Documentário retrata cotidiano de beneficiários do Bolsa Família

Documentário retrata cotidiano de beneficiários do Bolsa Família
Aqui Deste Lugar é o título do mais recente trabalho dos diretores Sérgio Machado e Fernando Coimbra. O documentário, com estreia prevista para março de 2014, retrata a realidade de cinco famílias nos estados de Piauí, Ceará, São Paulo, Rio Grande do Sul e Amazonas, todas beneficiárias do Bolsa Família, maior programa de transferência de renda do mundo.  Em 2013, ele e sua equipe percorreram regiões longínquas do Brasil para documentar como vivem, o que fazem e com que sonham essas famílias. “É um trabalho de observação da realidade como ela é”, explica Sérgio Machado.  
Nesta entrevista exclusiva, o cineasta conta como surgiu a ideia de produzir o filme, diz que o Brasil viveu mudanças importantes nos últimos 10 anos e garante que não encontrou nem fome, nem pobreza extrema nos lugares por onde andou. “Apesar dos problemas que o Brasil ainda enfrenta, não vimos fome, nem miséria. Esse Brasil a gente não encontrou”.
Foto: Divulgação
Foto: Divulgação
MDS - O artista costuma ter um olhar diferenciado, talvez mais aprofundado, da realidade que o cerca. No seu caso, o que mais o motiva a realizar um projeto?Sérgio Machado – Sou motivado pelo desejo de entender o outro, entender as pessoas à minha volta, viver vidas diferentes da minha. Desde criança, eu costumava observar as pessoas de longe e passava pela minha cabeça a ideia de quanto elas eram diferentes de mim. Mas quando a gente se aproxima, vê a pessoa de perto, percebe que ela tem os mesmos medos, o medo de morrer, o medo de ficar sozinha. Faço cinema para entender as pessoas.

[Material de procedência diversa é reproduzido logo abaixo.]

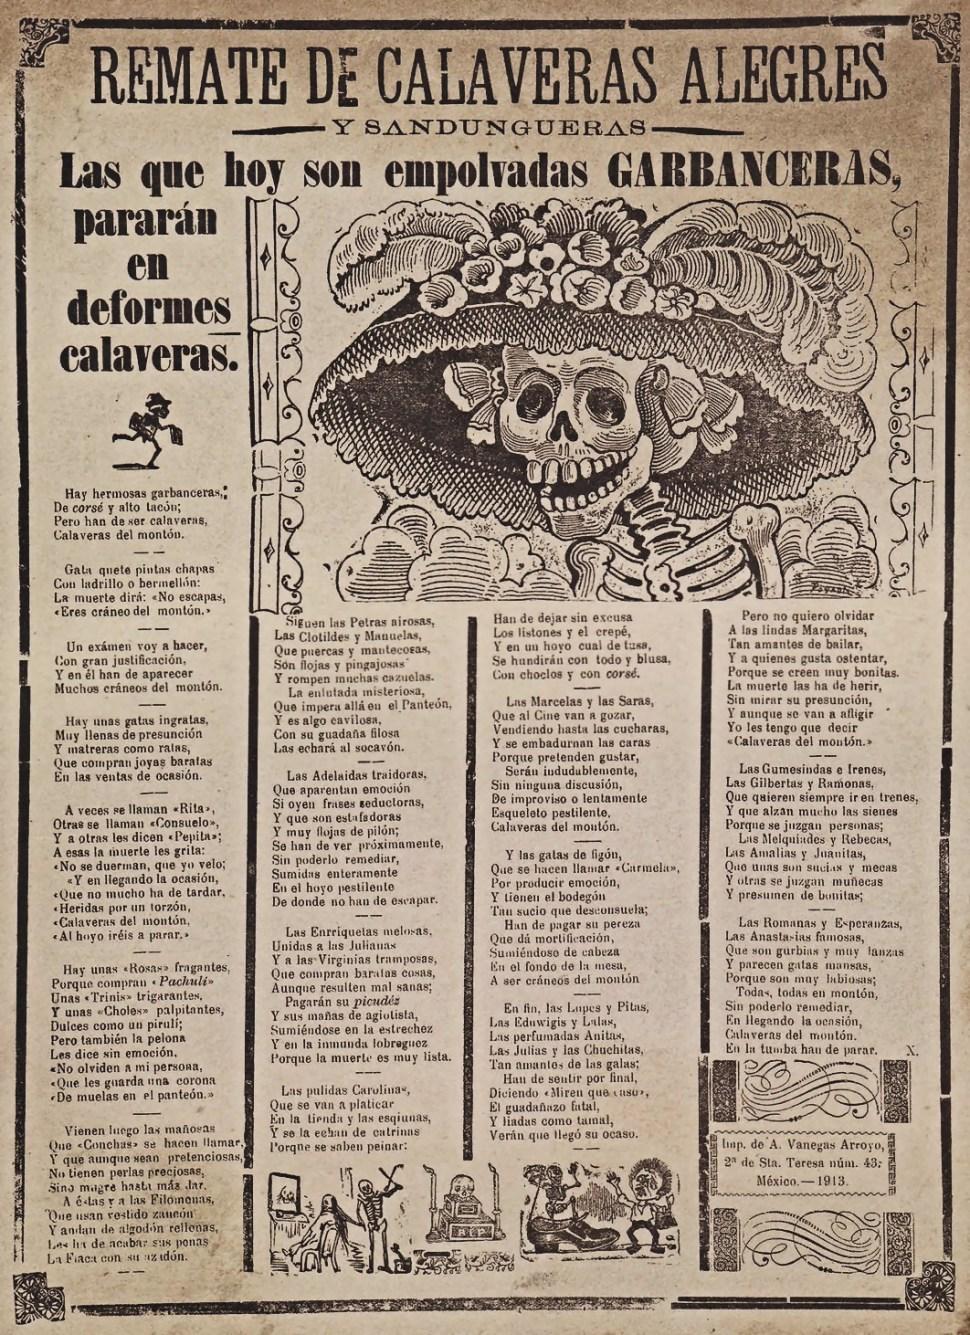 Calavera-garbancera-jose-guadalupe-posada

MDS – Como surgiu a ideia de realizar um filme acompanhando histórias de vida de beneficiários do Bolsa Família pelo Brasil afora?  SM – A ideia surgiu há dois anos, a partir de três viagens que fiz entre 1996 e 2011, quando percorri regiões recônditas do Brasil e pude ver as transformações realizadas nas vidas das pessoas durante esse período. A primeira viagem foi em 1996, quando fui assistente de direção do filme Central do Brasil, de Walter Salles, com quem trabalho até hoje. Fiquei chocado com as condições de vida das pessoas. Cinco anos depois, voltei aos mesmos lugares e tive a sensação de voltar ao passado. A situação era mais ou menos parecida com relação à primeira viagem. Em muitos lugares não havia luz, não havia televisão, era tudo muito difícil.
MDS – Sua percepção mudou na terceira viagem? SM - A terceira viagem foi feita em 2011, quando fui convidado para dirigir um filme sobre o padre Cícero [líder católico que exerceu grande influência na vida política e religiosa dos nordestinos]. Percebi uma grande mudança na vida das pessoas. Os lares desta vez tinham internet, eletrodomésticos, antena parabólica... Achei curioso. Foi aí que tive a ideia de fazer um filme mostrando o que tinha mudado na vida daqueles brasileiros, quais as expectativas deles e o que ainda faltava melhorar.
MDS – Foi um insight espontâneo...
SM – Sim. O filme é fruto desta minha observação. Tanto é que a gente não faz perguntas aos personagens, que são reais. Apenas retrata a realidade dessas pessoas. É uma visão isenta. O objetivo é mostrar o que mudou, o que não mudou, o que precisa mudar.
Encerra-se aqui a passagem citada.